*Available data*

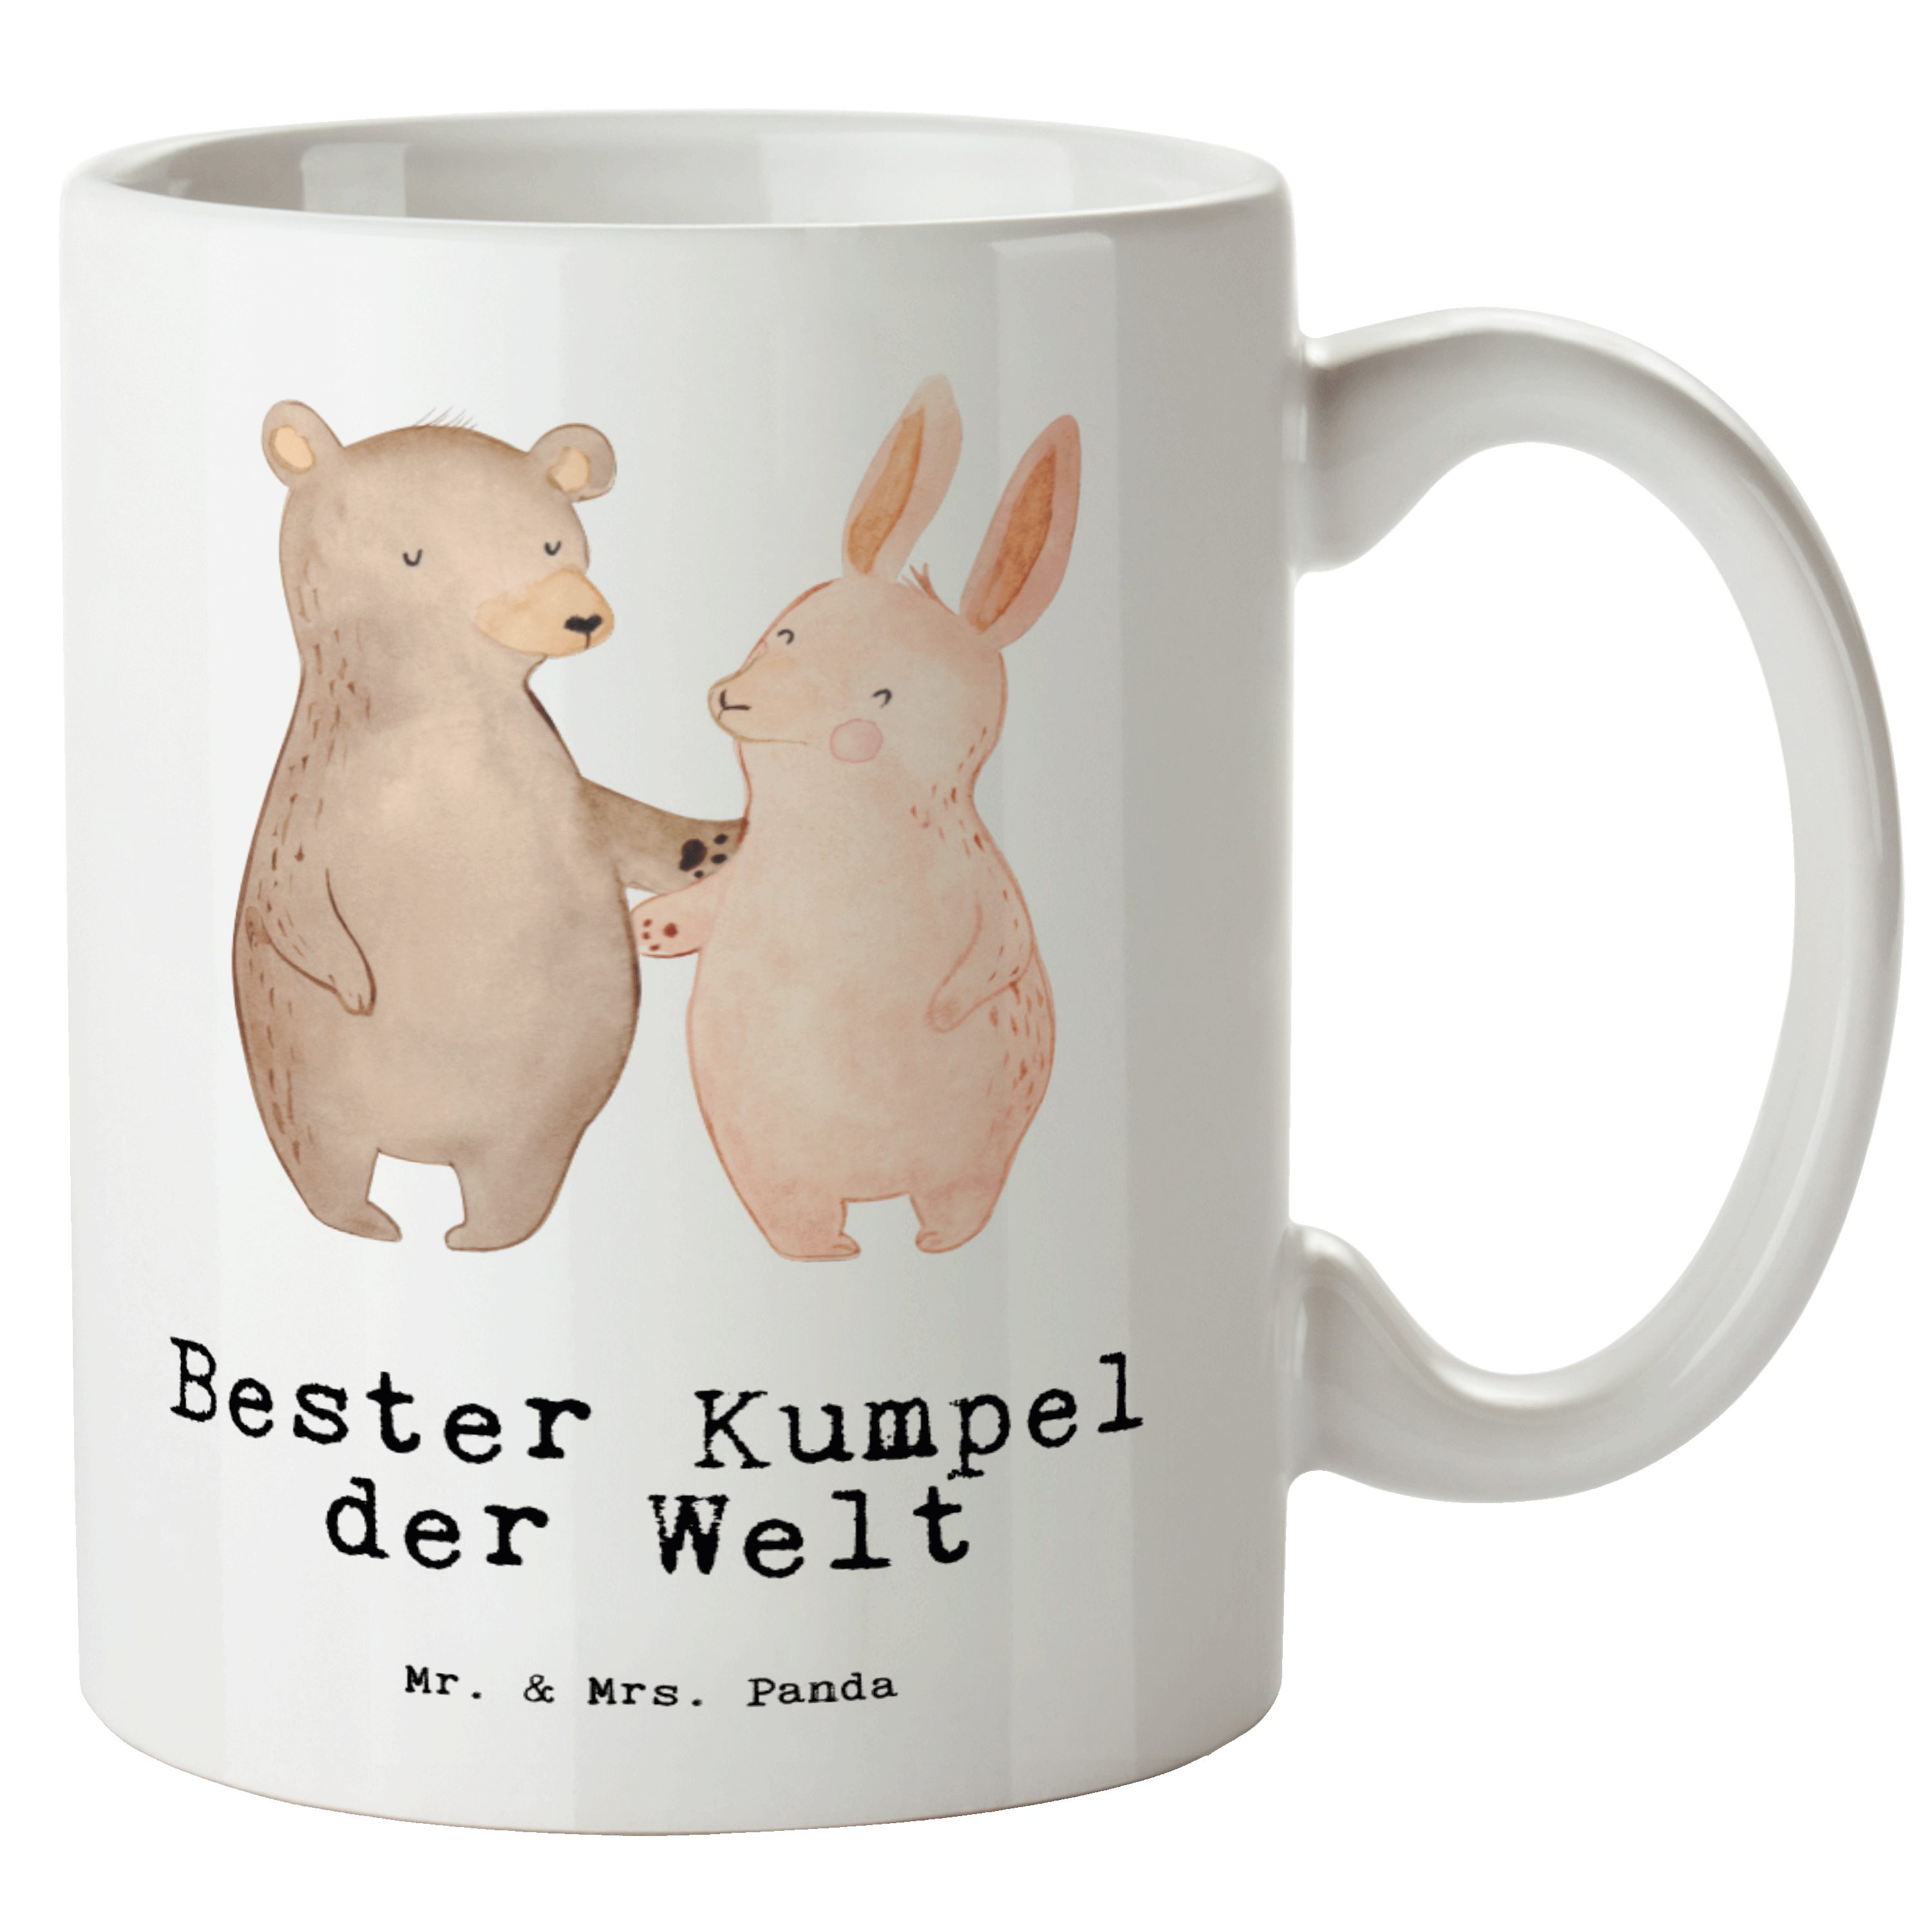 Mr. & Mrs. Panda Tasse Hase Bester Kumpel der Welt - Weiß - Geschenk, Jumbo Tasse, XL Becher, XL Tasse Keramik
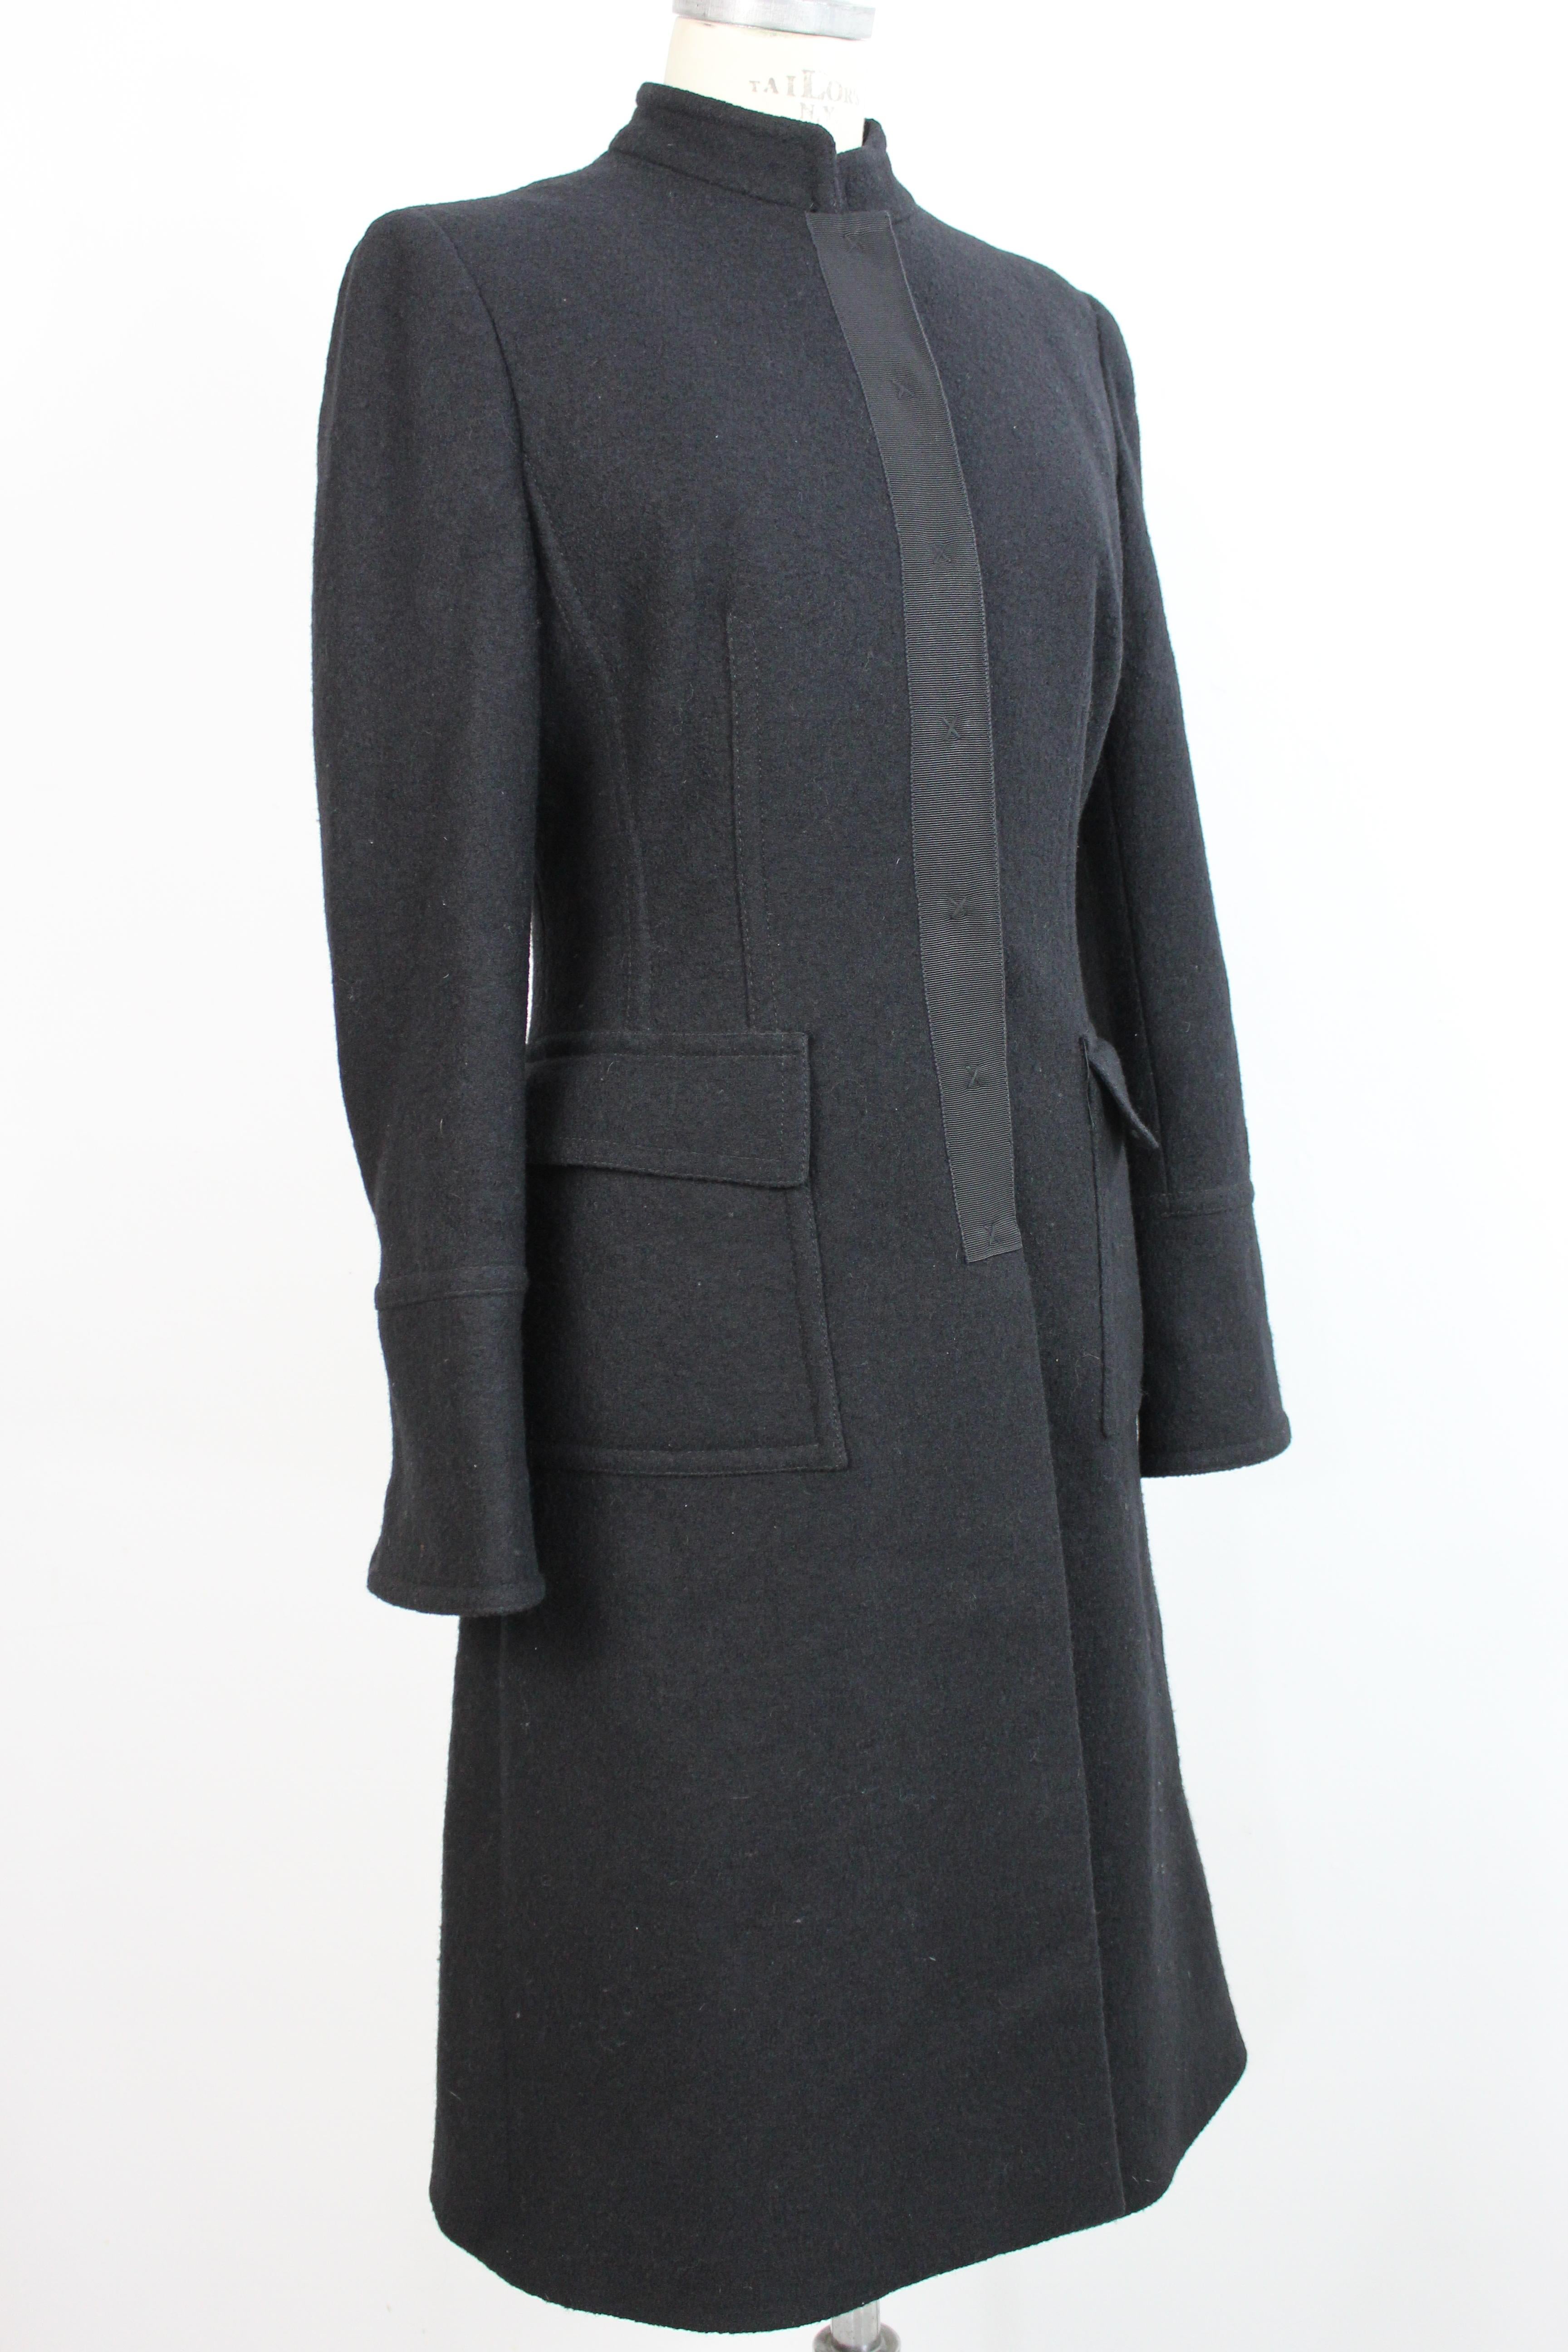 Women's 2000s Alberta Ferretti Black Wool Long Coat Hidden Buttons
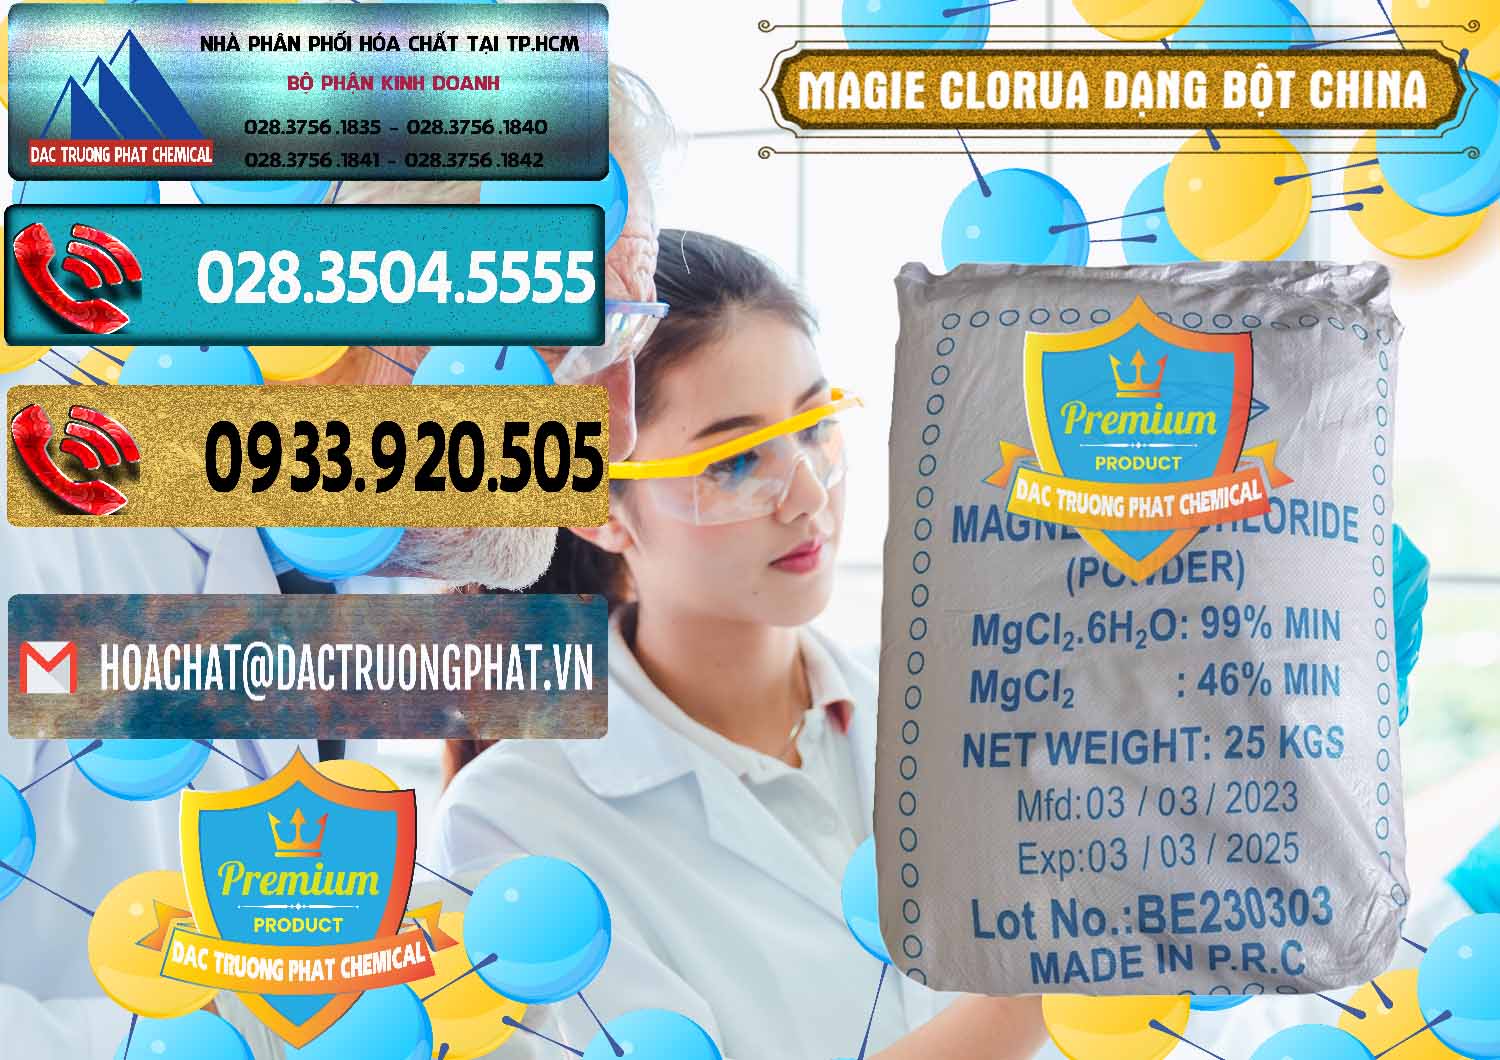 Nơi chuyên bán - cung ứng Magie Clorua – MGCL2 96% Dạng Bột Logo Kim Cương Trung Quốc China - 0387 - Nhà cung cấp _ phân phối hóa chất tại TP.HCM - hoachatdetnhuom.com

*Work task*
Please copy the data shown above, line by line and exactly, omitting the images.

*Answer for this exercise*
 Mr. & Mrs. Panda Tasse Hase Bester Kumpel der Welt - Weiß - Geschenk, Jumbo Tasse, XL Becher, XL Tasse Keramik
 Women's 2000s Alberta Ferretti Black Wool Long Coat Hidden Buttons
 Nơi chuyên bán - cung ứng Magie Clorua – MGCL2 96% Dạng Bột Logo Kim Cương Trung Quốc China - 0387 - Nhà cung cấp _ phân phối hóa chất tại TP.HCM - hoachatdetnhuom.com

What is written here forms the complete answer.